Tellingly, Pakistan has never even threatened to close the crucial air corridor across Pakistan that allows U.S. and NATO aircraft to fly into Afghanistan. One can get a sense of how important this air corridor is from the fact that Kandahar Air Field near the Pakistan border in southern Afghanistan is reported to have the busiest runway in the world with some 700 flights landing or taking off there every day.

The present government is the first civilian government in Pakistani history that is poised to complete its full term of office sometime this year or early next year – depending on when the next election is called – without being overturned by a military coup or dismissed in some back room deal. And the military, which has seized power four times in the past six and half decades, has shown no interest in doing so again for the foreseeable future.

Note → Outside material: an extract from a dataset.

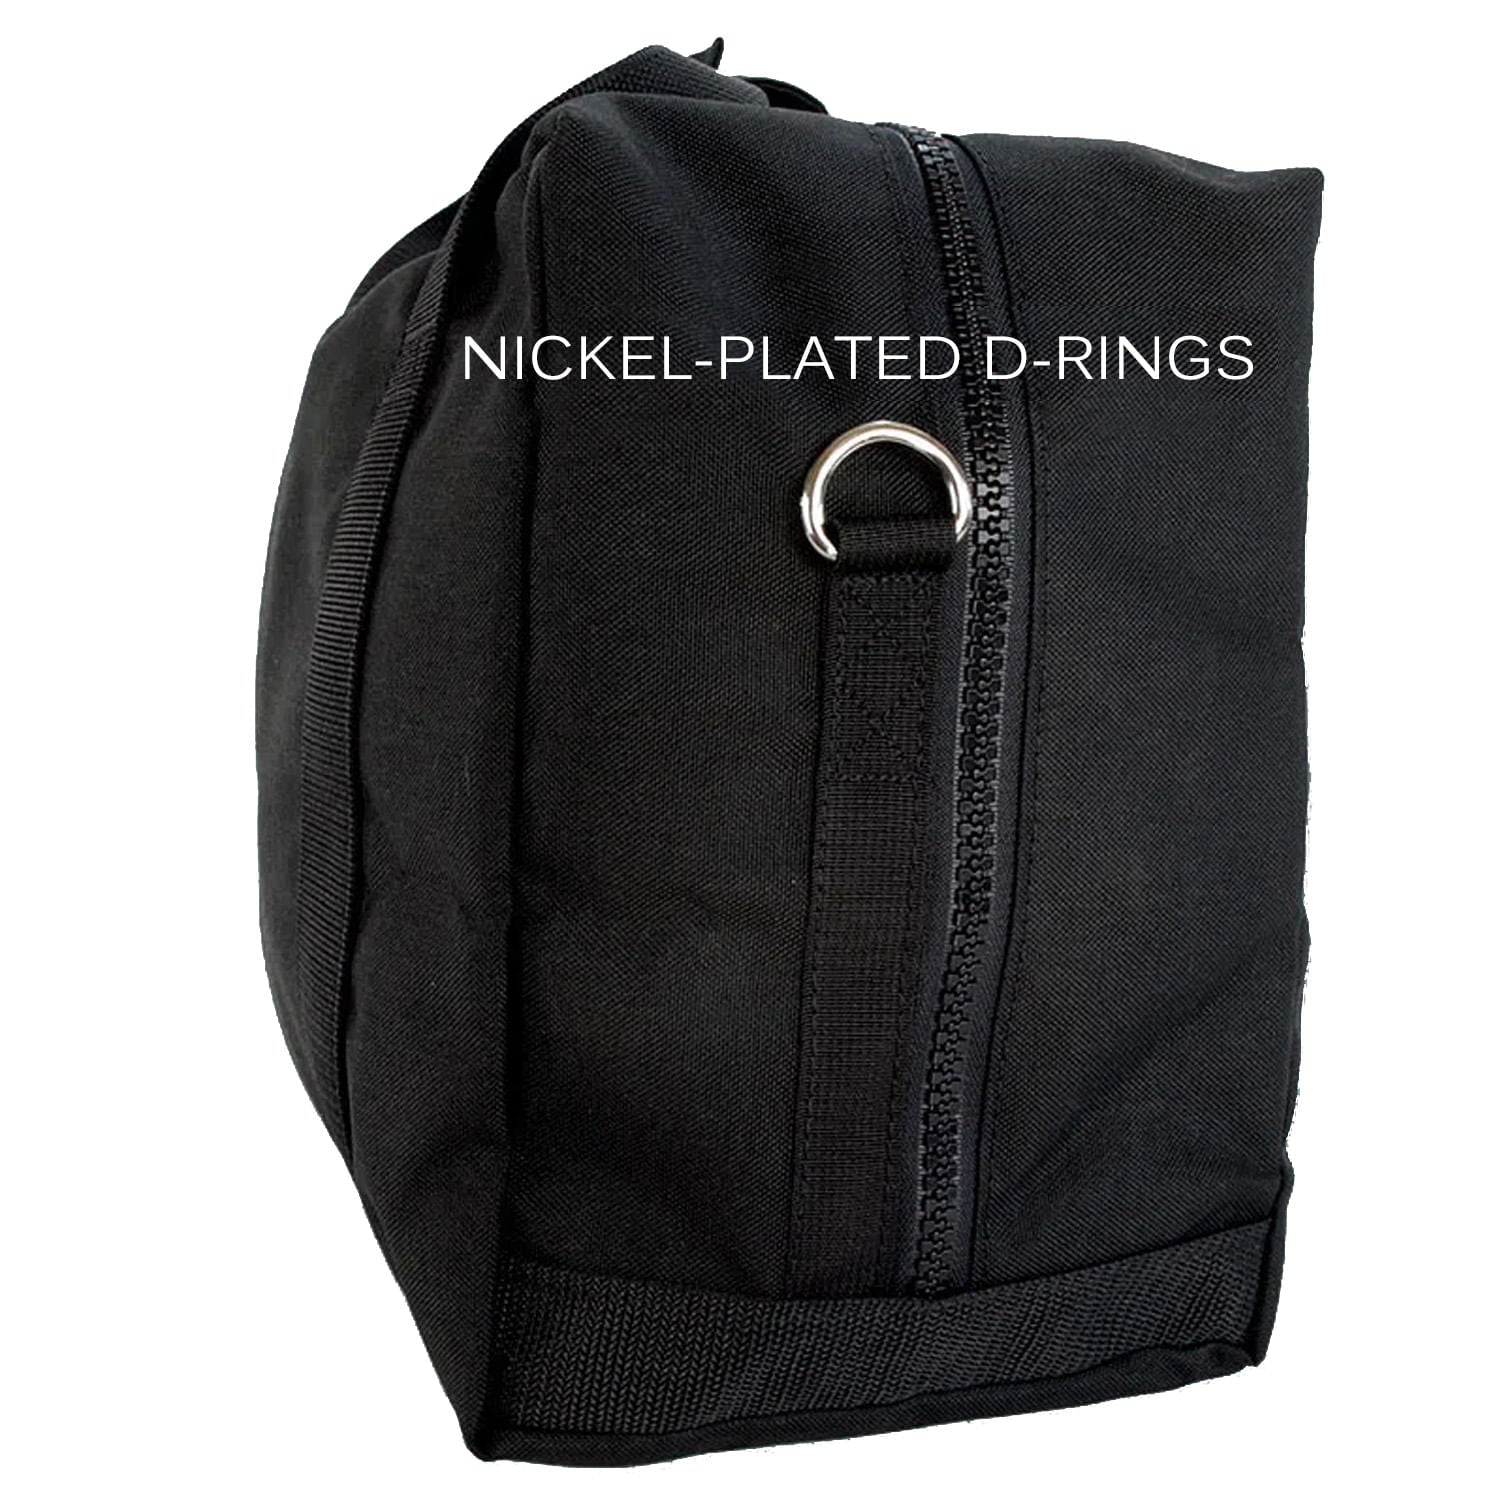 Aviator kit bag with Nickel plated D rings

The lengthy debate in Pakistan’s parliament that was completed in April about whether Pakistan should allow the United States to use armed CIA drones on its territory is a welcome intrusion of Pakistan’s civilian officials into the national security arena long monopolized by the military. The parliament called for the end of any U.S. drone strikes.

Despite the visibility of the hardline religious parties on the streets of Pakistan, in the voting booth, these parties have recently fared very poorly. A coalition of pro-Taliban religious parties known as the MMA secured control of two of Pakistan’s four provinces in an election in 2002 and 11% of the votes to the National Assembly. But the MMA garnered only a piddling 2% of the vote in the 2008 election.

And where Pakistan’s national interests are at stake, the military is aggressive against the Taliban.

As the Taliban marched three years ago as close as 60 miles to Islamabad, the army launched major military operations in the northern region of Swat and the western area of South Waziristan to end the Taliban’s control of these areas. Pakistani officials are swift to point out, correctly, that as a result, more Pakistani soldiers have died fighting the Taliban than the servicemen of the U.S. and other NATO countries combined.

Pakistan has a myriad of well-known problems, but it also has some residual strengths that often get obscured by rhetoric about the “world’s most dangerous country.”

Pakistan is no North Korea, and if Pakistanis really got a grip on their own problems, rather than too often resorting to blaming the United States or India for their ills, Pakistan might begin to look more like Turkey than Bangladesh.

One good start along this path would be for the government to privatize Pakistan International Airways and the country’s steel mills, which hemorrhage public money and perform quite poorly. But this would require real political leadership, something that is in short supply in Pakistan.

While Pakistan’s institutions are slowly maturing, its political class remains largely moribund.